# A very basic RIG for my 7 year old son



## bukaida (Oct 28, 2013)

My son is now studying in class 3 under CBSE. As a part of his academic curriculum, the computer has been introduced and as usual he is after my laptop now. So I must give him a basic computer to perform his work as well as light weight gaming. Now I have an old 80 GB Hard disk at my stock and have a secondary 24 inch LCD TV with VGA input capability. I have sorted out the following using my limited knowledge--

1) A second hand INTEL CORE 2 DUO 2.33 / 4M / 1333 ( E6550 ) PROCESSOR from EBay

2) New cooler + heat sink ( Original Intel CPU Cooler FAN + Heatsink Socket LGA775  or Cooler Master, Brand New intel Pinless CPU Fan for socket 775, with heatsink) Confused between two, Is the original worth almost double the price compared to CM product?

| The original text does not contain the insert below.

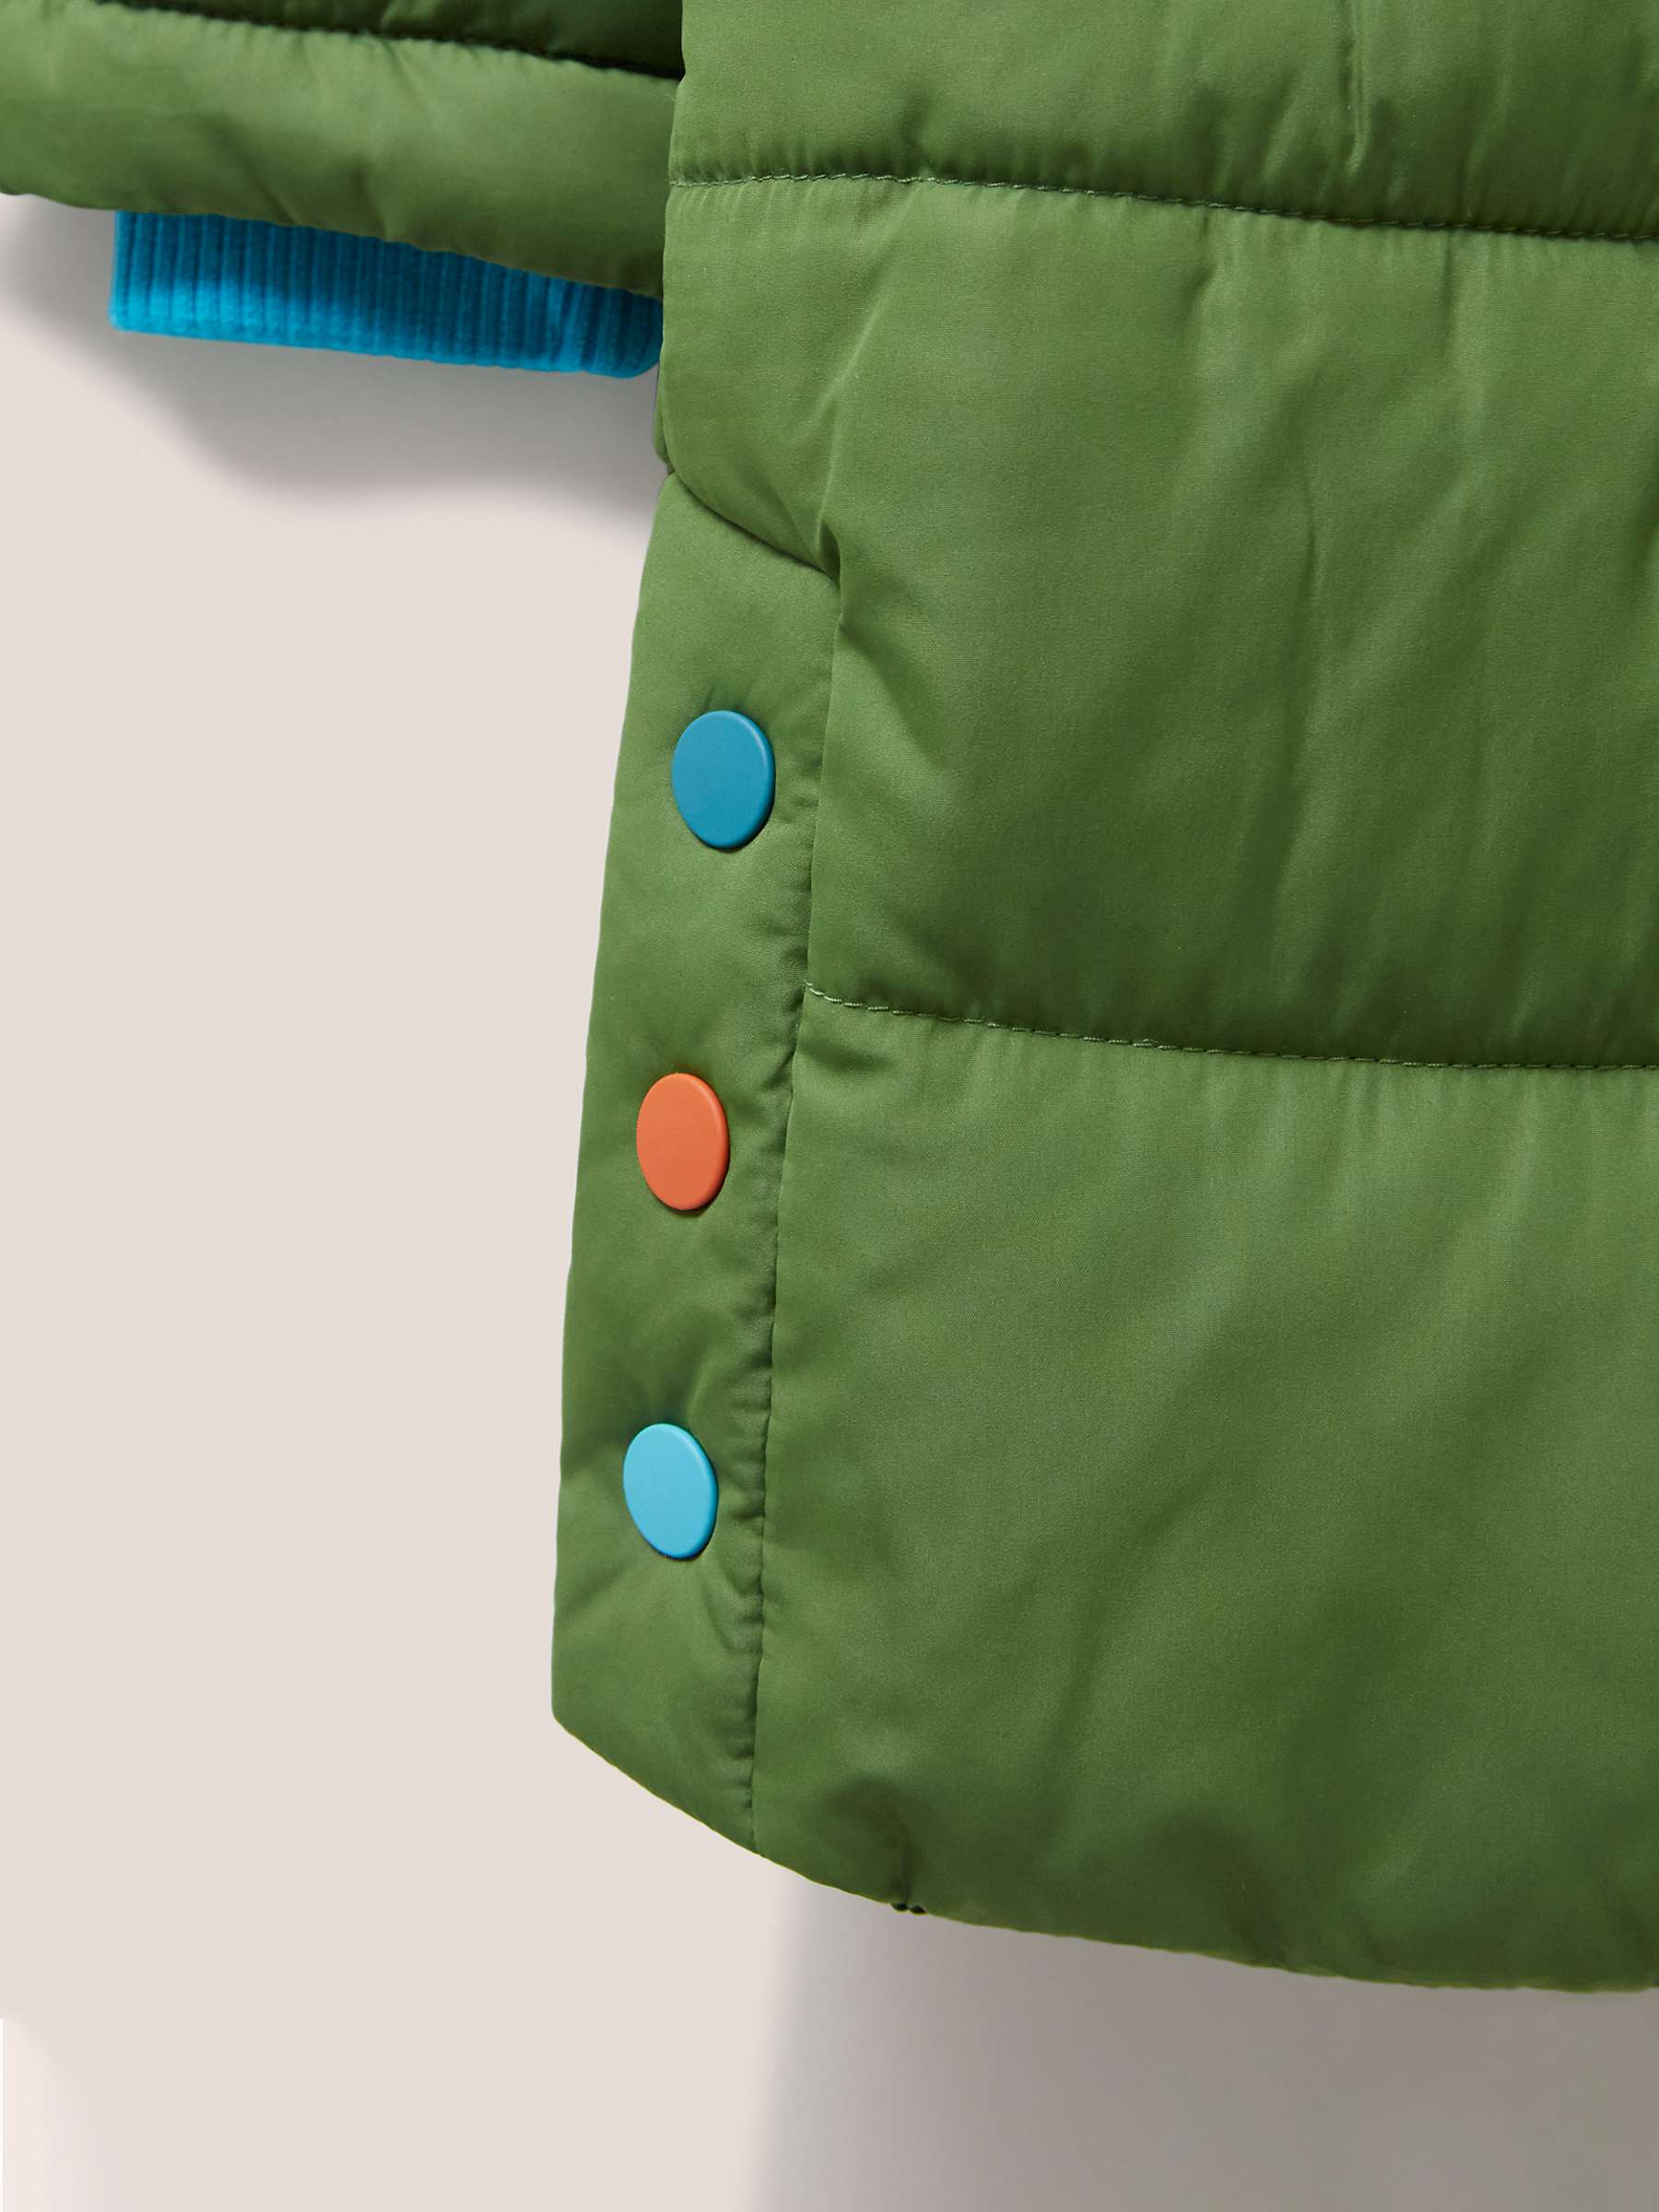 Buy White Stuff Kids' Longline Quilted Hooded Puffer Jacket, Mid Teal Online at johnlewis.com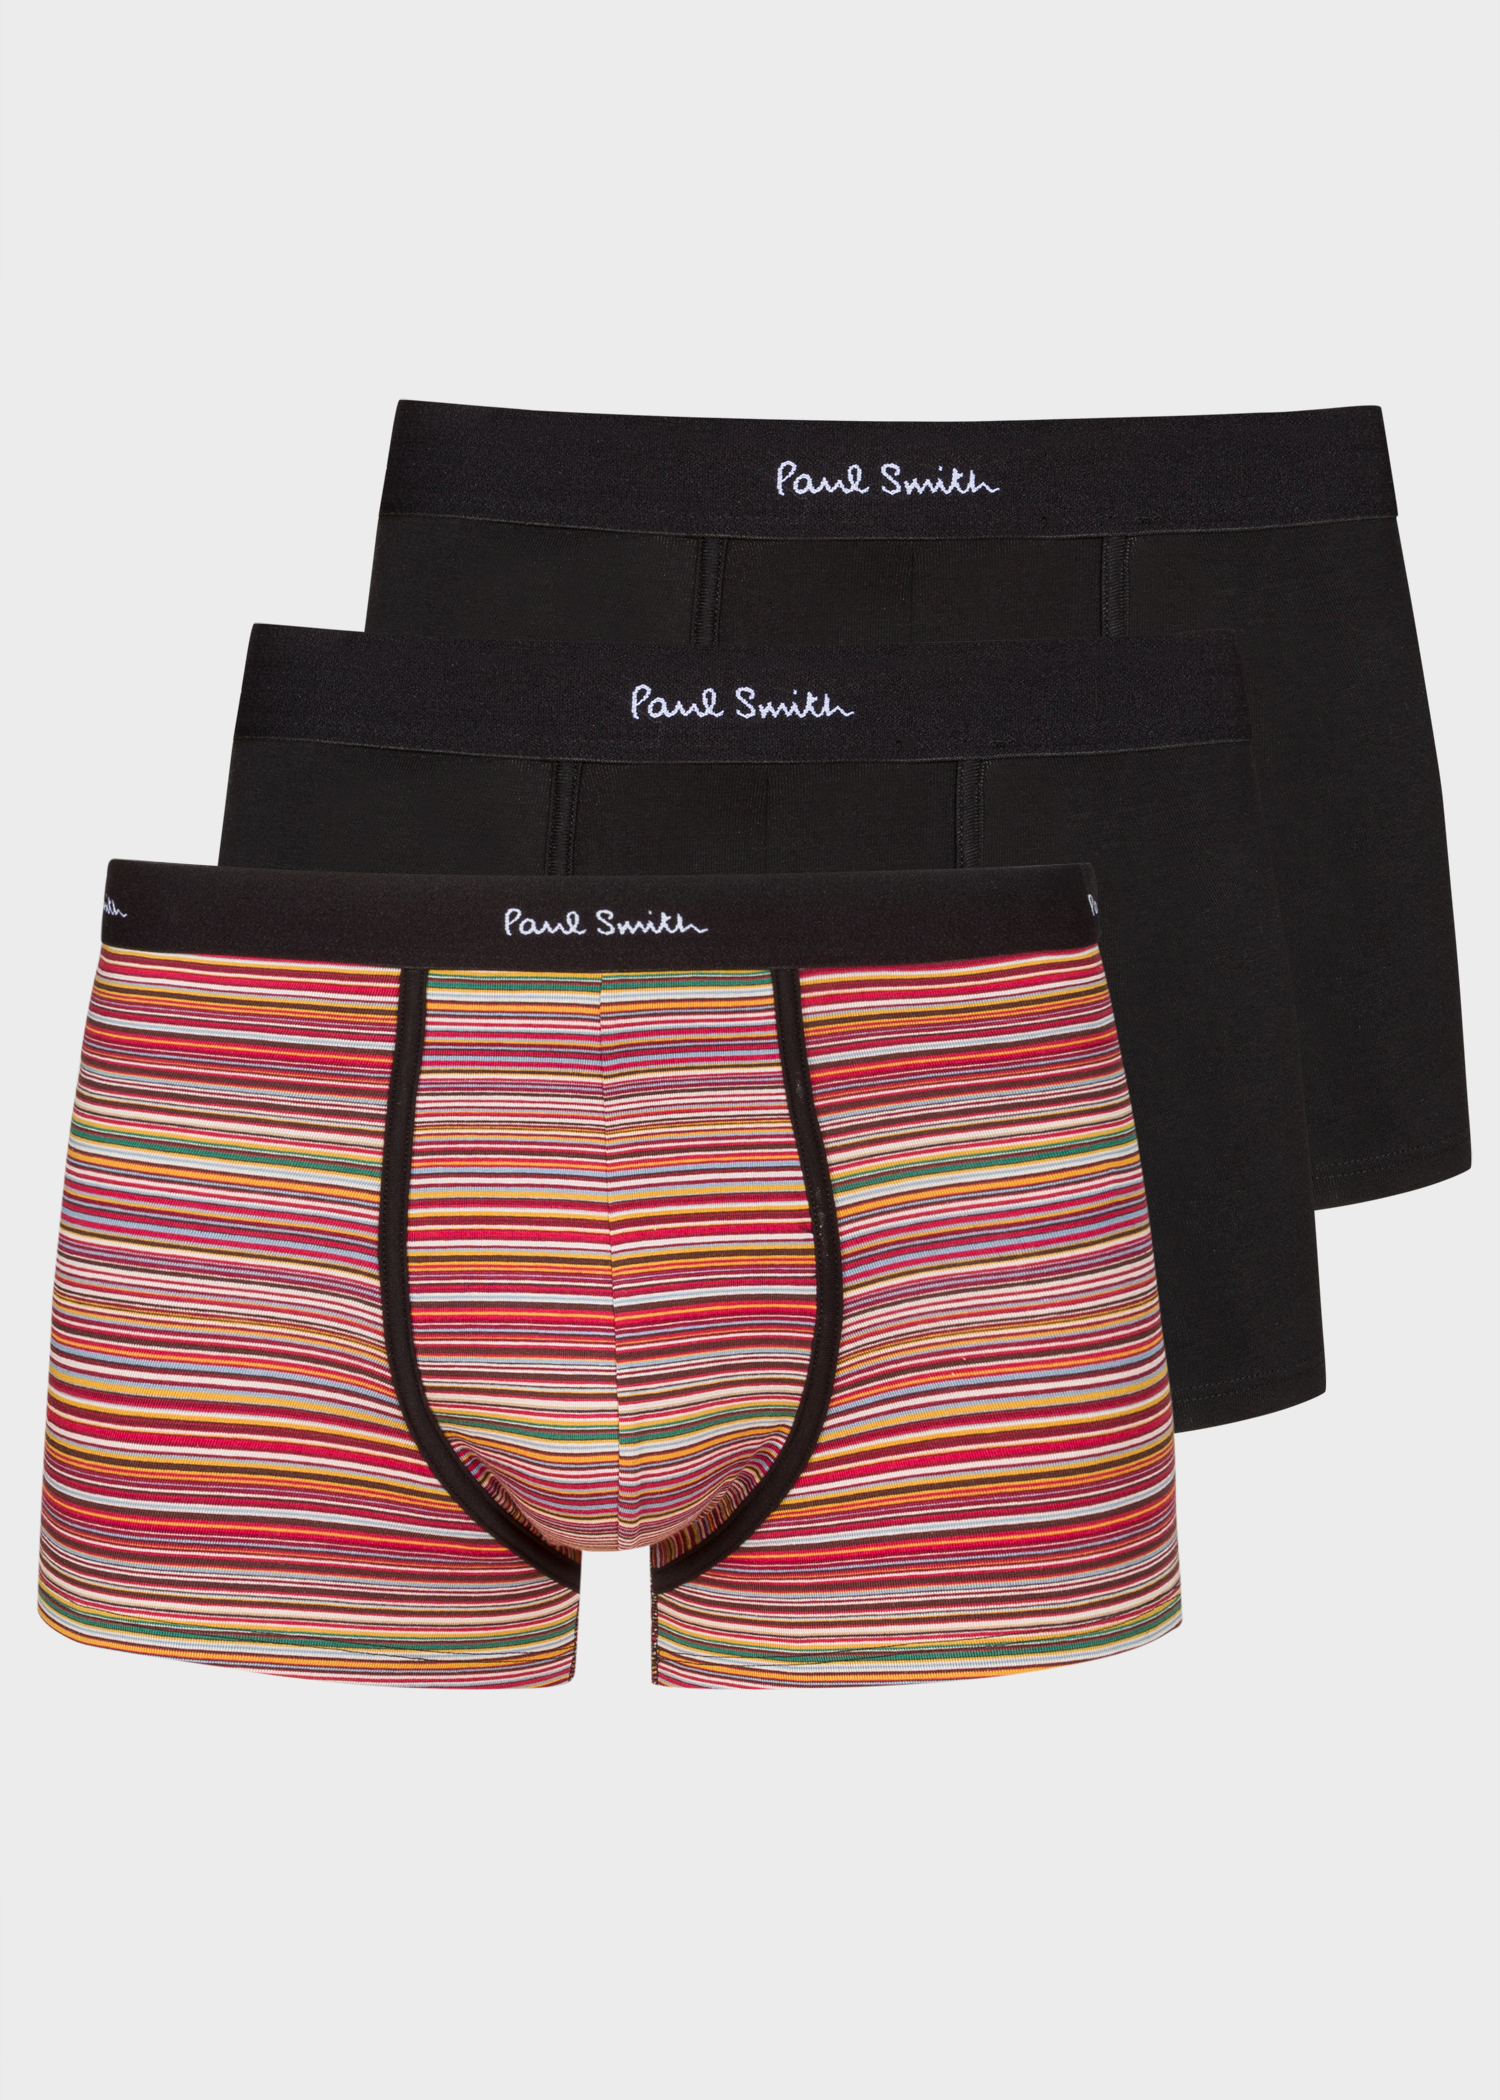 Front view - Men's Black Mixed Stripe Boxer Briefs Three Pack Paul Smith

3) New Gigabyte GA-G41MT-S2PT Motherboard from Flipkart

4) New Corsair DDR3 4 GB (1 x 4 GB) PC RAM (CMV4GX3M1A1333C9) from Flipkart

The total budget is coming around Rs(1500 cpu+ (600/400) cooler + 3900 MB + 2500 RAM)= Rs.8500/8300.
I am concentrating on MB-CPU-RAM only. I know socket 775 is EOL but any combination with socket 1155 pulling my budget to almost double ( Not interested in i3 as it is a Na Ghar ka na Ghat ka IMHO). 
Kindly comment and suggest. I have no objection to AMD if the combination is better and within 1-2k (maximum) of this budget.


----------



## whitestar_999 (Oct 28, 2013)

take a look at intel atom kit(processor+mobo combined in a single design,size less than an A4 size sheet,no need for cpu cooler).just add 2gb DDR3 laptop ram,hard disk(only sata),psu(even cheap 500-600 one will do fine) & you are good to go.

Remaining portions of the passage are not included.